The girl held onto the strap. Whether she'd done it on purpose or had forgotten it was wrapped around her arm, I couldn't tell. She let me unravel it, looking away. I held her firmly by the shoulder instead of her hair, because that could have looked strange to the people walking by. Besides, they might figure we were mother and daughter anyway. Not a thief and an assaulter.

But my adrenaline wasn't finished dragging me along yet. Still red in the face, I shook her, watching those blank brown eyes blink at me. She seemed mad, almost, angry that I'd caught her. "What makes you think," I barked, "That you can steal from people? Who taught you that? What would your parents think of this?"

She blinked with defiance, although her eyes were watery and red, not quite afraid, but maybe apprehensive. She had a very guarded face, I thought, strong with prominent cheekbones and a firm chin, eyes hidden under thick brows. Those eyes, muddy but strange, sparkling, empty in a way that only seemed empty because they were full of something I didn't understand. "Let me alone," she demanded. "I gave it back."

The adrenaline had begun to recede again from my system. My brain unfogged, putting before me my situation: barefoot in an alley with a random juvenile delinquent with my eyes. I felt my heart softening to her a bit, even if that wasn't what I wanted. "Sure you did, this time," I said. "Because I caught you.
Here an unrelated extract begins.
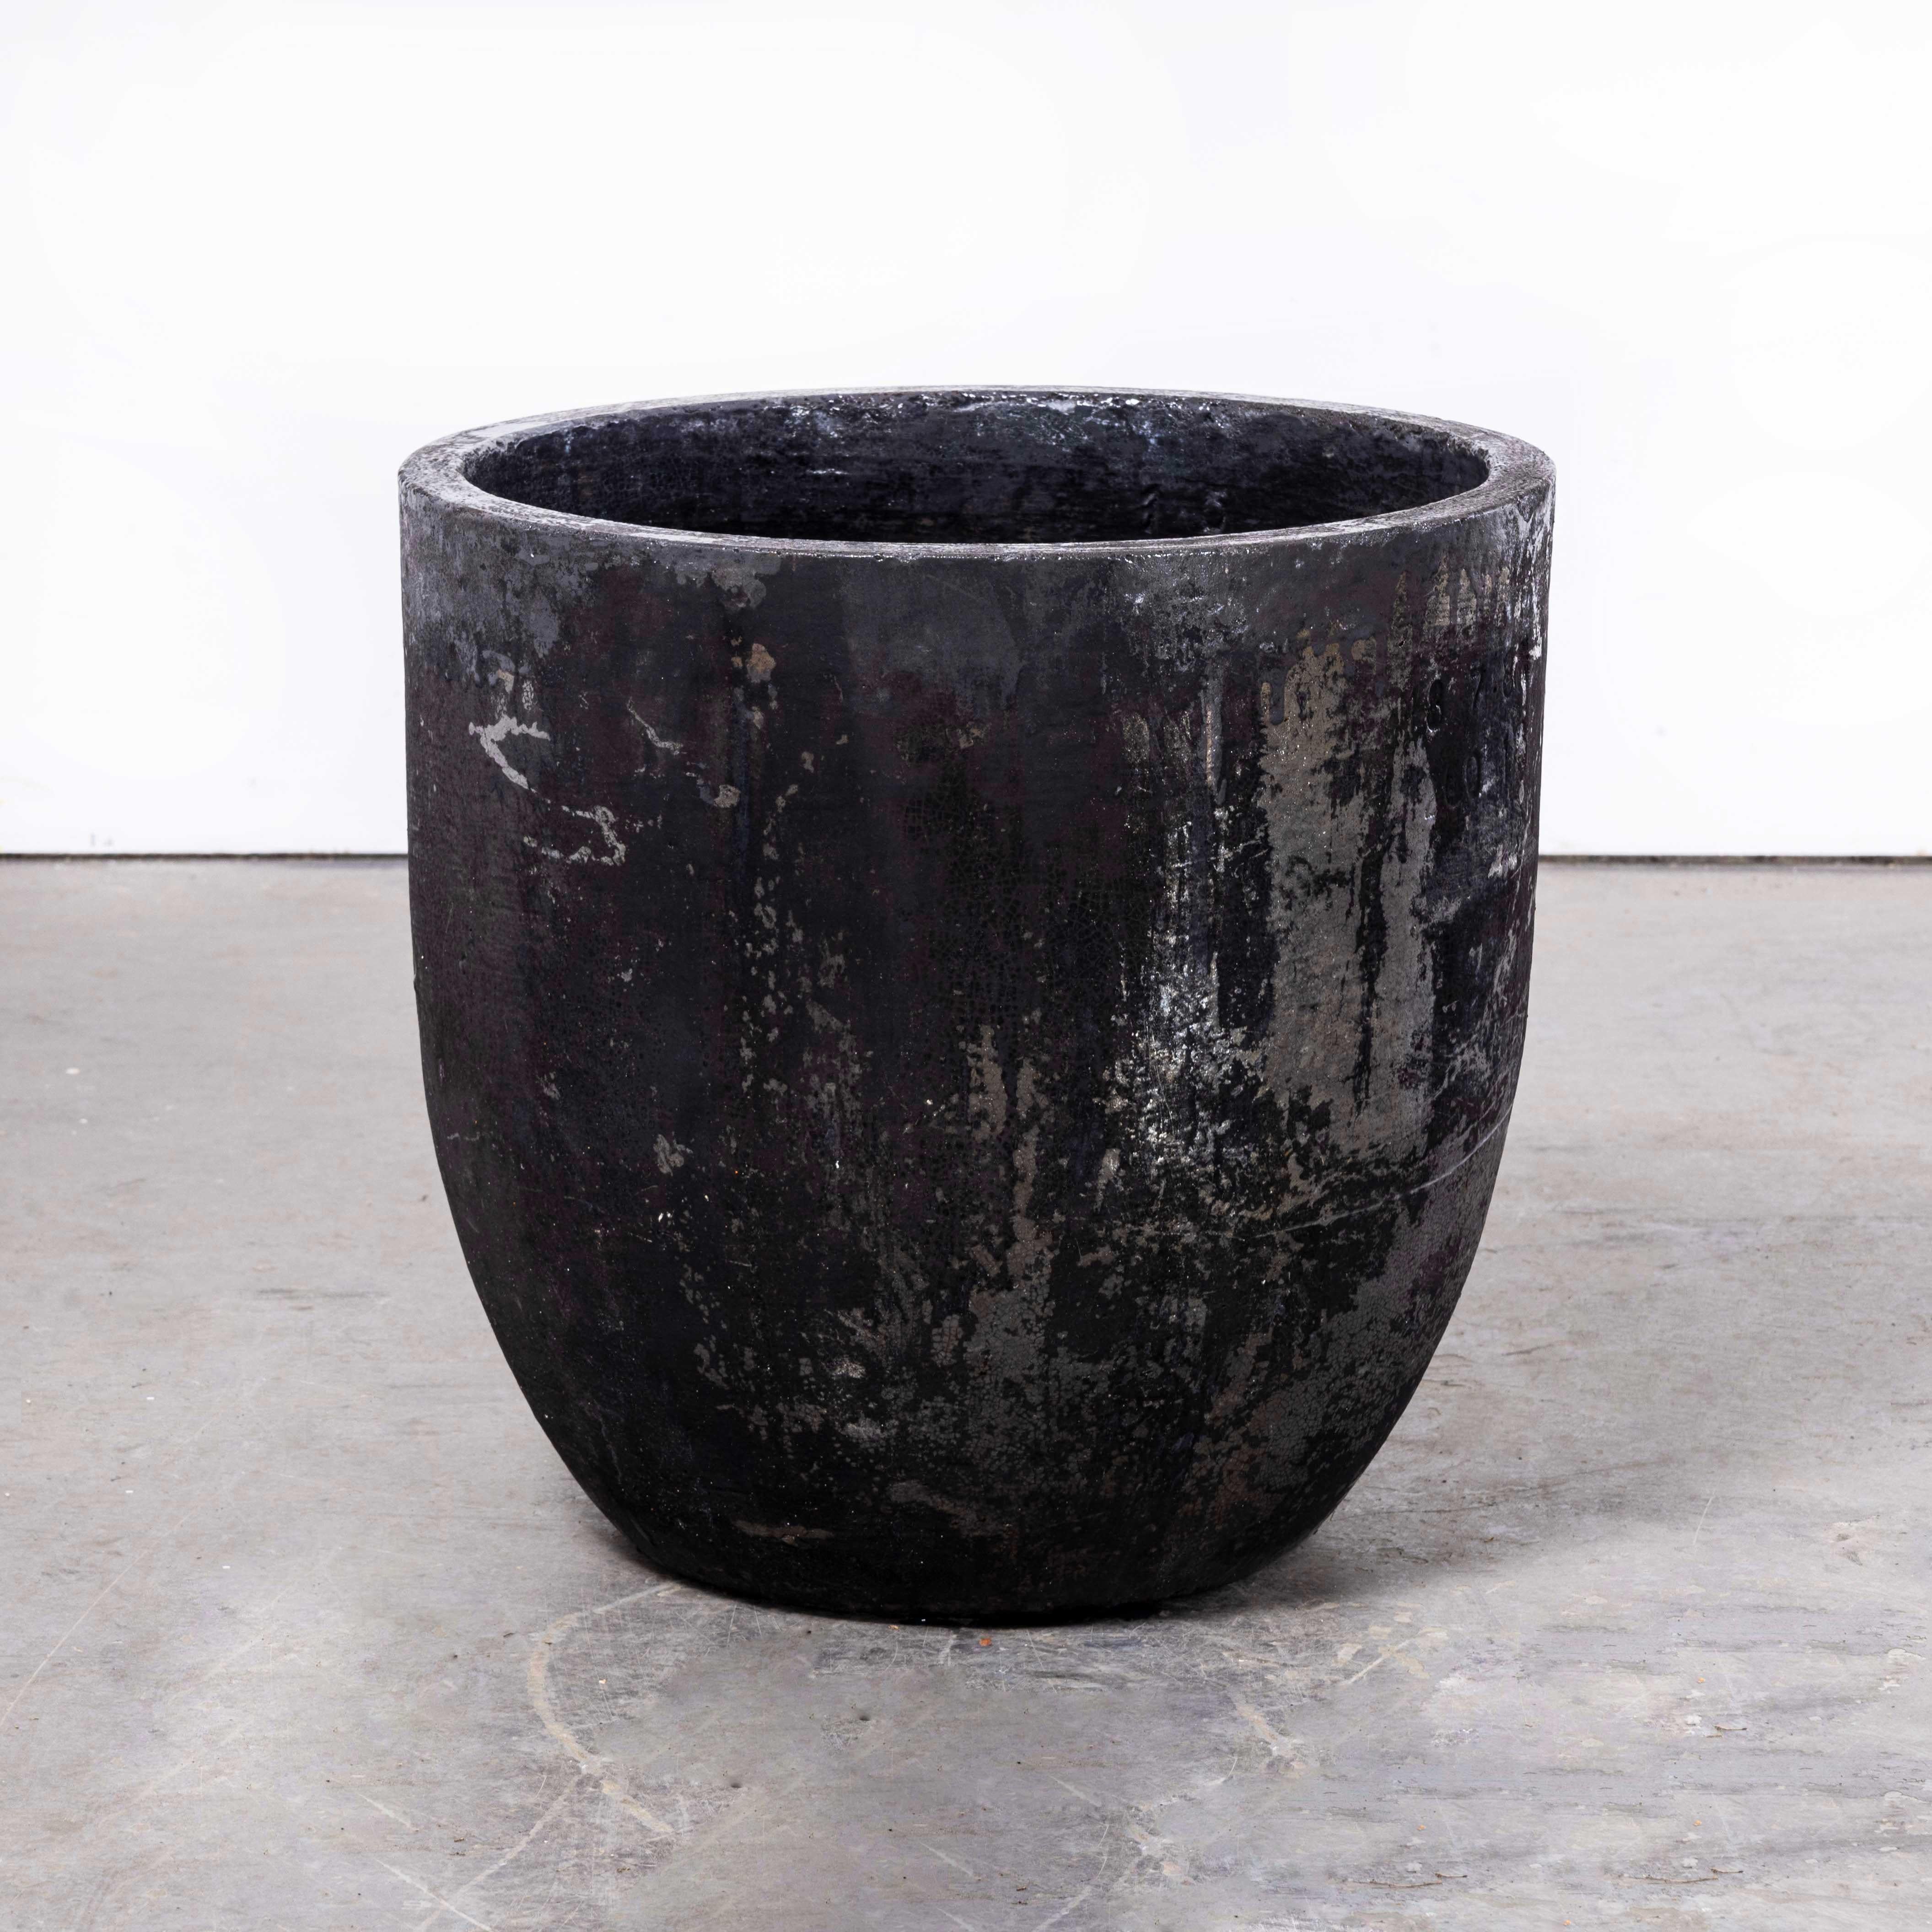 1970’s New Old Stock Foundry Crucible Pot (1525.3)
1970’s New Old Stock Foundry Crucible Pot. Sourced in Belgium this crucible pot is new old stock from the 1970’s, never used. Crucible pots are high heat resistant pots used to hold and pour molten

But lord knows, next time it'll be some little old lady who can't get to you, won't it?"

Her eyes wandered away again, like a criminal looking for her escape car. "Well, no ma'am, of course I wouldn't."

I scoffed, a little harshly. "Oh, so now you're the standard of morality, aren't you?"

She looked back at me, but a new feeling had been added to the guardedness -- a vague sort of confusion. "No ma'am. That's not . . . Why would I take a purse from some random old lady?"

I felt a cold pang in my heart, feeling my face assemble to match her confusion. "Well, why wouldn't you, if you've already taken my purse?"

"Because it was your purse I needed, wasn't it? Can't be going around having some random purse, no use to it."

That was when I saw that in her eyes there were walls, but in those walls were search towers, scrutinizing me, trying to pull me apart, put me back together and make sense of me. She knew me, I realized. She knew who I was. My fingers jumped away from her shoulder. Suddenly, her skin felt too light and soft, almost like it might not have been there at all. "Scram," I said. "Just get out of here. Leave me alone."

She didn't lose my gaze, her brows furrowed like I was a crossword that was giving her some trouble. "Well maybe you aren't then, anyway."

"What?" My heart spiked me with a rush of blood sending my head into light, dizzy whiteness. "What in the world is that supposed to mean?" I looked her up and down, taking in her shabby, obviously stolen clothes, her straight, boyish hips and flat chest. The firm set of her lips. Her white knuckles, clenched around something. I could see her thumb pressed to the top of it. She caught me staring and snatched the hand behind her back. "What've you got?" I said. "Give it to me. What'd you take?"

"Nothing of yours. I have to go."

"You little thief!" I called, but she was gone by then. I had my keys and my phone and my wallet so I decided to put my shoes back on and go back to being a civilized person. I decided to forget about her.